It has been said that necessity is the mother of invention. It is an obvious saying, perhaps, and maybe even cliché, but nonetheless profound. It is during the most difficult situations that human beings are at their most ingenious best.
While not exactly inventing new things, Rwandans have found new ways of doing them as a result of Uganda’s unfriendly actions. They have had to get out of the comfort zone, away from the accustomed way of doing things and started venturing into places and fields new.
This is a choice Uganda has forced on them and in the process opened their eyes to other possibilities. In that sense they have come to a new thinking about their existence as a nation and are fashioning new ways to cope with the new reality
During the past two decades or so, Uganda has been placing obstacles in Rwanda’s way. The list of those obstacles is long as the current state of relations has revealed.
For example, there are instances of reneging on projects agreed upon under the Northern Corridor Projects Initiative (NCPI), such as the extension of the Standard Gauge Railway (SGR) from Kampala to Kigali, but which Uganda now says it will rather extend to Juba, South Sudan, first and maybe consider the extension to Rwanda later.
Another has been the deliberate slowing down of other NCPI projects as to make their implementation impossible, such as with the transmission of electricity from Ethiopia and Kenya through Uganda to Rwanda.
To date Uganda has done little or nothing to upgrade transmission lines to carry the higher energy load, and so Rwanda cannot import the power from the other two countries.
In the recent past, minerals and milk exports from Rwanda through Uganda were blocked for a time, raising the cost of the former and putting to waste the latter.
More recently still, Rwandans have been arrested, tortured and detained in unknown places.
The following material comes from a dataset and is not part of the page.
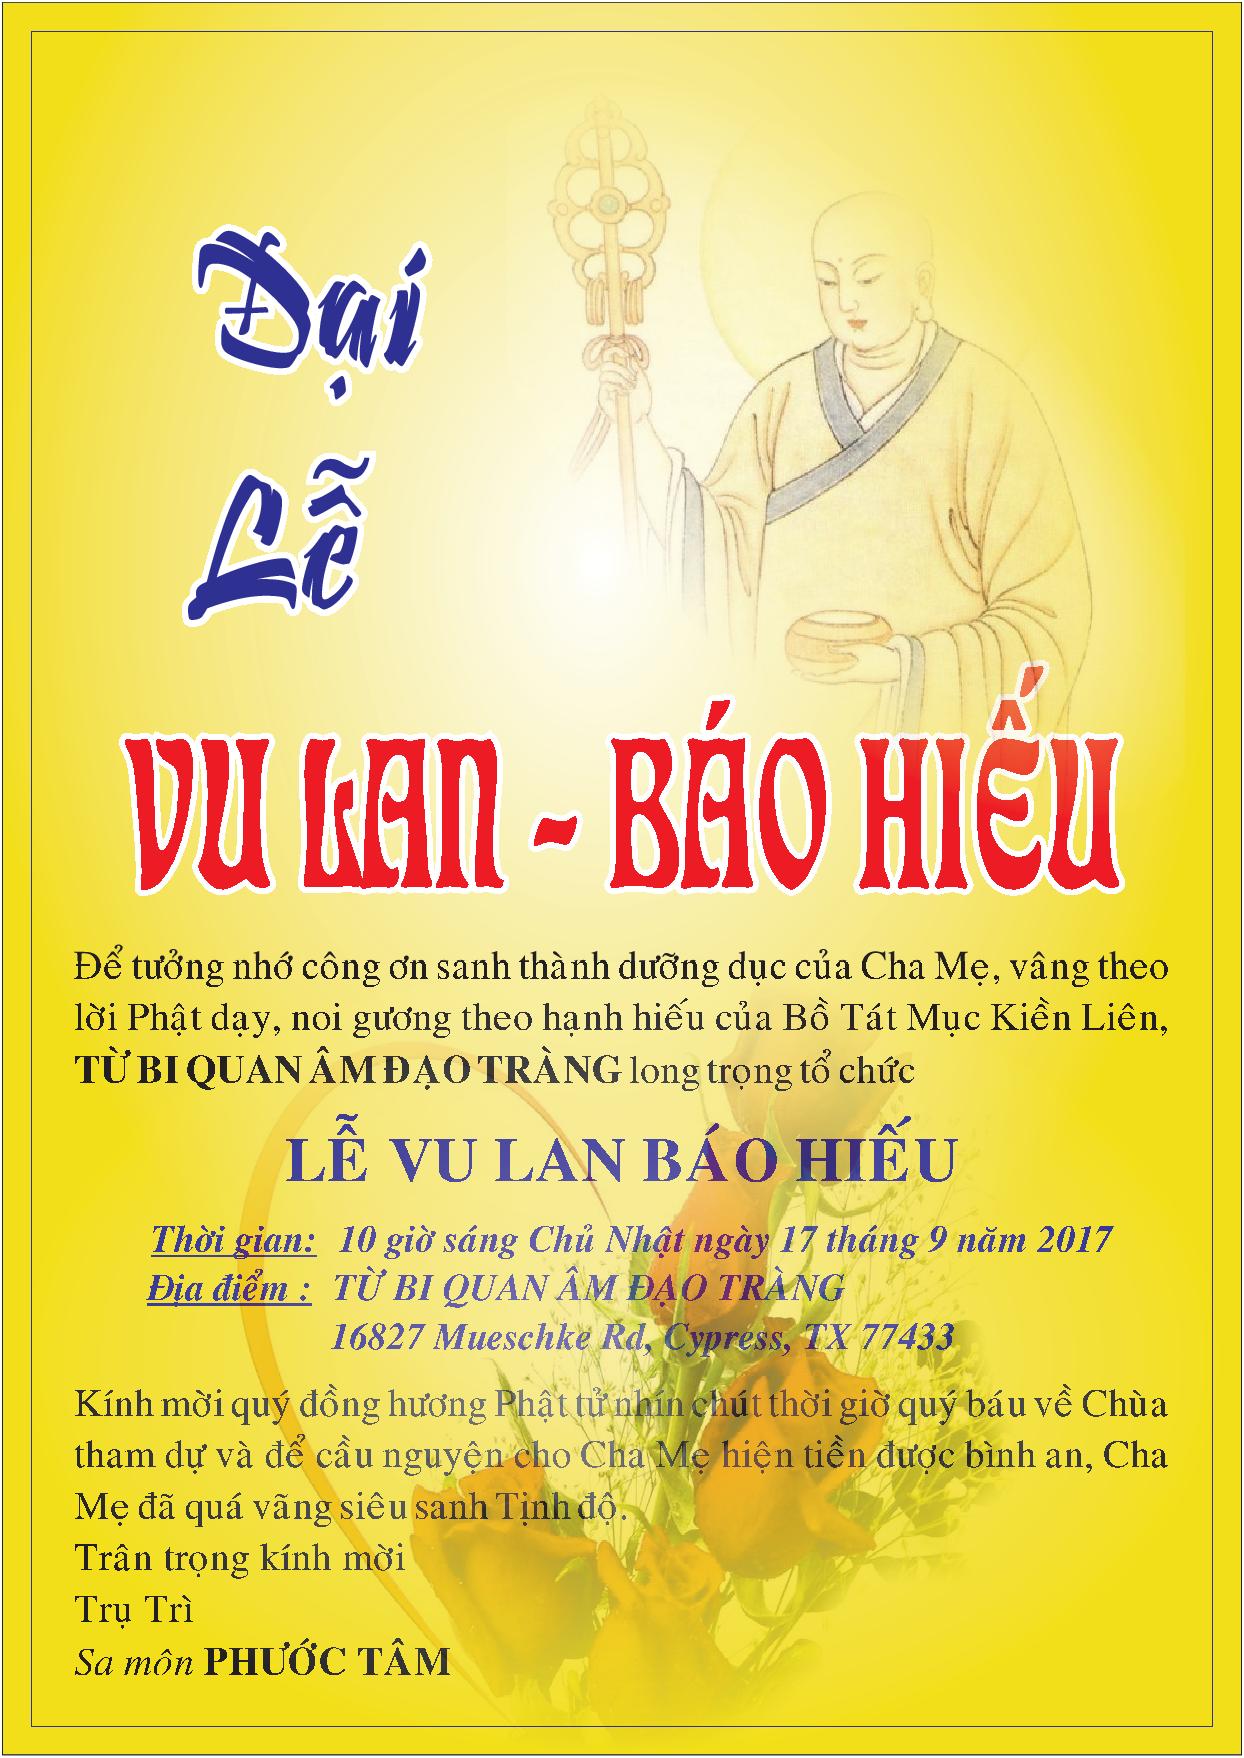 Vu Lan là ngày lễ truyền thống của người Việt Nam dành để tưởng nhớ công ơn cha mẹ. Năm 2024, các chùa đều tổ chức các hoạt động gắn kết gia đình và giúp đỡ những người già yếu. Hãy cùng xem bức ảnh để nhận thức thêm về ý nghĩa của Vu Lan và cảm nhận tình cảm gia đình.

The lucky ones have been released and dumped at the border, most barely able to move but thankful to be alive. Those not so lucky still languish in secret torture dungeons.
The worst of these acts has been Uganda’s harbouring, working with and abetting the activities of terrorist groups bent on destabilising Rwanda.
What is Uganda’s aim in all this? In one word it is subversion through several means.
First, by imposing non-tariff barriers and preventing the free movement of people and goods, it is to make it difficult for Rwandans to do business.
Second, it is to destabilise Rwanda and make the lives of its citizens insecure, and distract them from development efforts.
Third, it is to keep Rwanda dependent on Uganda for practically all its needs. In this way Uganda secures a market for its products.
And indeed for a long time easy access to Uganda (due to proximity and historical reasons) had sedated Rwandan business people against looking farther for supplies and markets.
They went there to buy stuff Ugandan business people had imported from such places as Dubai, India or China. Some did not even know that some of these products were available locally, from other Rwandans who had imported them.
Now they know. It is refreshing to hear local business people say that they are ready to look beyond the immediate neighbourhood and go directly to the source of the merchandise Ugandan business people have been re-exporting to them. According to them, all they need to do is strengthen the logistics industry by developing the transport and warehousing businesses. For this, they are even ready to push government to develop land given to it at ports in Djibouti and Dar es Salaam
This is a good moment for the private sector to step in and seize the opportunity to meet the needs previously served by imports from neighbours and fill gap current relations have opened up. It is also enough reason to improve the Made in Rwanda products in quality, quantity and affordability.
What has been needed all along is an eye-opener and a mindset change. Sometimes you need a sharp jolt to change your ways. In this sense, the blockade may not be a bad thing after all, which brings to mind the wisdom of another saying: every cloud has a silver lining.
The views expressed in this article are of the author.